Is ChatGPT really more creative than humans? New research provides an intriguing test

(Photo credit: OpenAI's DALL·E)

While some high-profile research suggests that artificial intelligence (AI) has surpassed human creativity, a recent study in the International Journal of Human–Computer Interaction offers a more nuanced view. Scientists found that although AI excels at generating diverse interpretations of ambiguous images, human judges still perceive human responses as more creative. These results indicate that human creativity still holds an edge over AI in certain domains.

The rapid development and implementation of AI systems, such as ChatGPT by OpenAI, Llama from Meta, and Google Bard, have sparked widespread discussion about their impact on society and the concept of creativity. As AI continues to advance and perform tasks traditionally reserved for humans, there are growing concerns about the displacement of human labor, implications for education, and the ethical dimensions of AI-generated content.

“We were interested in exploring this topic because of the rapid advancement of AI language models like ChatGPT that can generate remarkably human-like text outputs. We are interested in understanding the current capabilities of these models compared to humans’ performance. More generally, we are interested in understanding how these AI will change the way humans perceive creativity and what type of social impact these AI models may have,” explained study author Simone Grassini, an associate professor at the University of Bergen.

There has been considerable excitement alongside concerns about whether AI will eventually surpass human capabilities for creative tasks. In this study, we aimed to empirically investigate the current state of AI’s creative abilities in comparison to humans.

To explore the comparative creative abilities of AI and humans, the researchers utilized a newly developed task known as the Figural Interpretation Quest (FIQ). This task involves interpreting ambiguous, abstract figures. The task is designed to evaluate divergent thinking, a cognitive process that involves generating multiple, unique solutions or ideas in response to an open-ended problem. It contrasts with convergent thinking, which focuses on finding a single, correct solution.

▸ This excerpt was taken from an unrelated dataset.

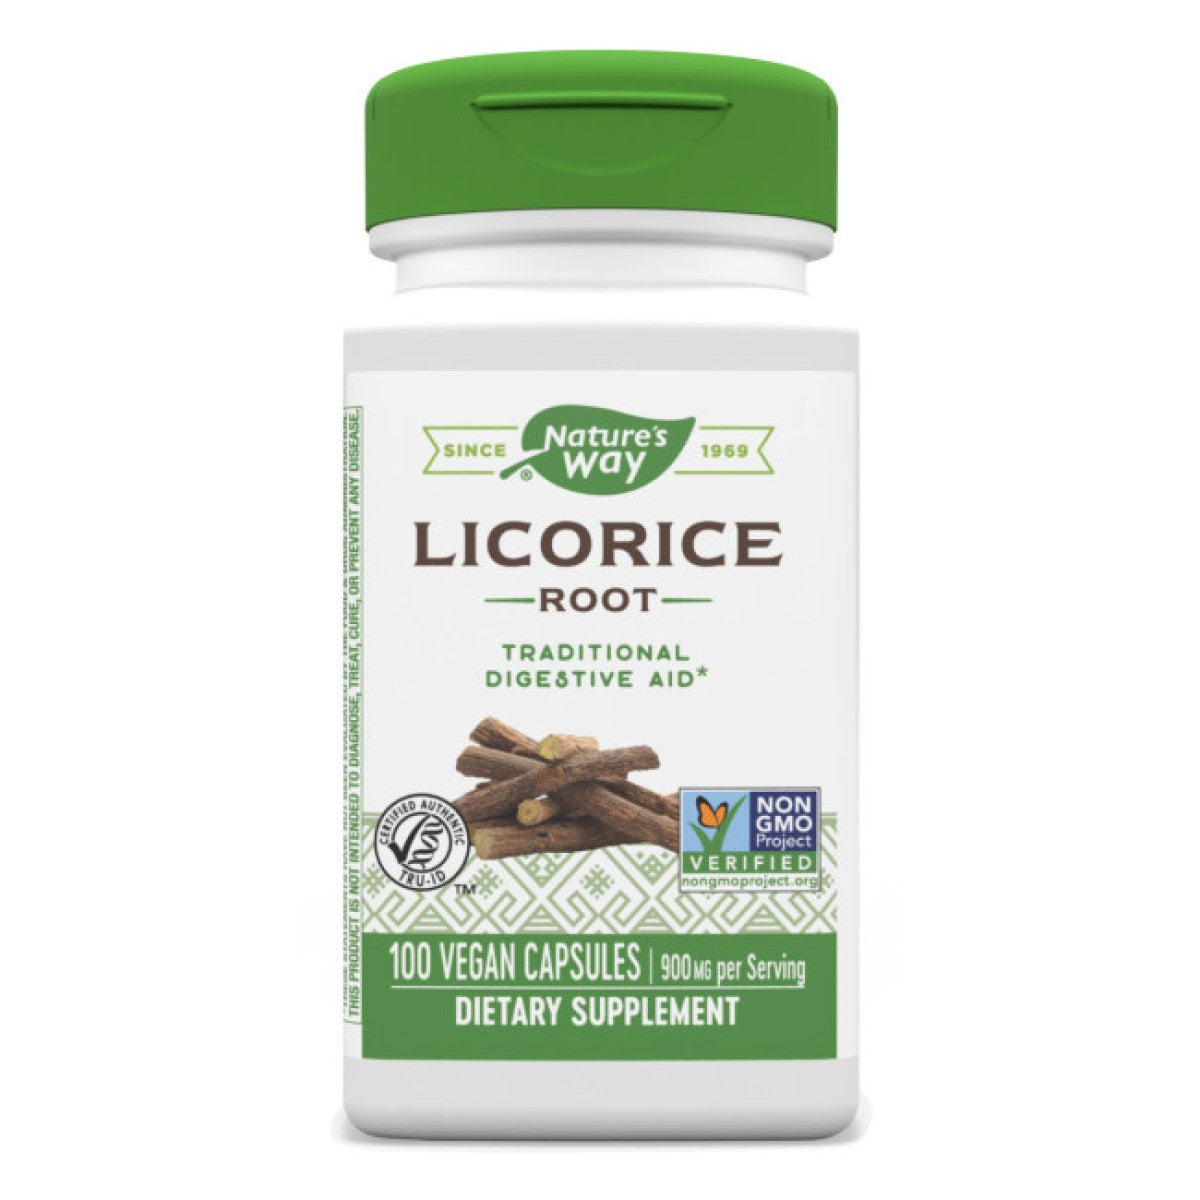 Primary image of Licorice Root

Grassini noted that the FIQ “is multimodal in nature – requiring both the perception of an ambiguous visual image and the generation of a creative textual interpretation of that image. Crucially, the FIQ is a recently developed test, meaning the AI system we tested (ChatGPT-4) could not have encountered optimal responses in its training data up to 2021. This allowed us to evaluate the AI’s ability to ‘come up’ with original creative solutions, rather than simply retrieving responses from its training memory (an important limitation shared by all the previously published studies on the topic).”

The study included 279 native English speakers recruited through an online platform, of whom 256 completed the study. These participants were asked to provide two different interpretations for each of four ambiguous figures. The goal was to produce interpretations that were as semantically different from each other as possible. Participants were given 30 seconds to enter their interpretations for each figure, ensuring they responded under a time constraint that mirrored real-world creative tasks.

In parallel, ChatGPT-4, an advanced AI chatbot, was also tested using the same four figures. The AI was prompted to generate responses of varying lengths (one, two, or three words) to simulate the distribution of response lengths observed in human data. This was done to ensure a fair comparison between human and AI responses. The AI sessions were conducted multiple times to gather a robust dataset of AI-generated interpretations.

The researchers employed two primary measures to assess creativity: flexibility and perceived creativity.

Flexibility was evaluated using the semantic distance between the two interpretations provided for each figure. The larger the semantic distance, the more flexible the responses were considered to be. This measure was calculated using the SemDis platform, which analyzes the degree of difference between the meanings of two responses.

To assess perceived creativity, a panel of eleven human judges, who were blind to whether the responses were from humans or the AI, rated each interpretation on a scale from 0 to 2. A score of 0 indicated a basic or non-creative response, 1 indicated a creative response, and 2 indicated an exceptionally creative interpretation. The judges were psychology students who rated the responses as part of their research training or in exchange for university credits.

The researchers found that ChatGPT-4 demonstrated a higher average level of flexibility in generating interpretations compared to humans. This indicates that AI was adept at producing semantically diverse ideas, showcasing its ability to think divergently across different contexts.

“One surprising aspect was just how well the AI language model performed in terms of generating semantically diverse interpretations of the ambiguous visual images,” Grassini told PsyPost. “Its flexibility scores based on semantic distance analysis were on average higher than the average human participant. This highlights the remarkable natural language abilities of large language models.”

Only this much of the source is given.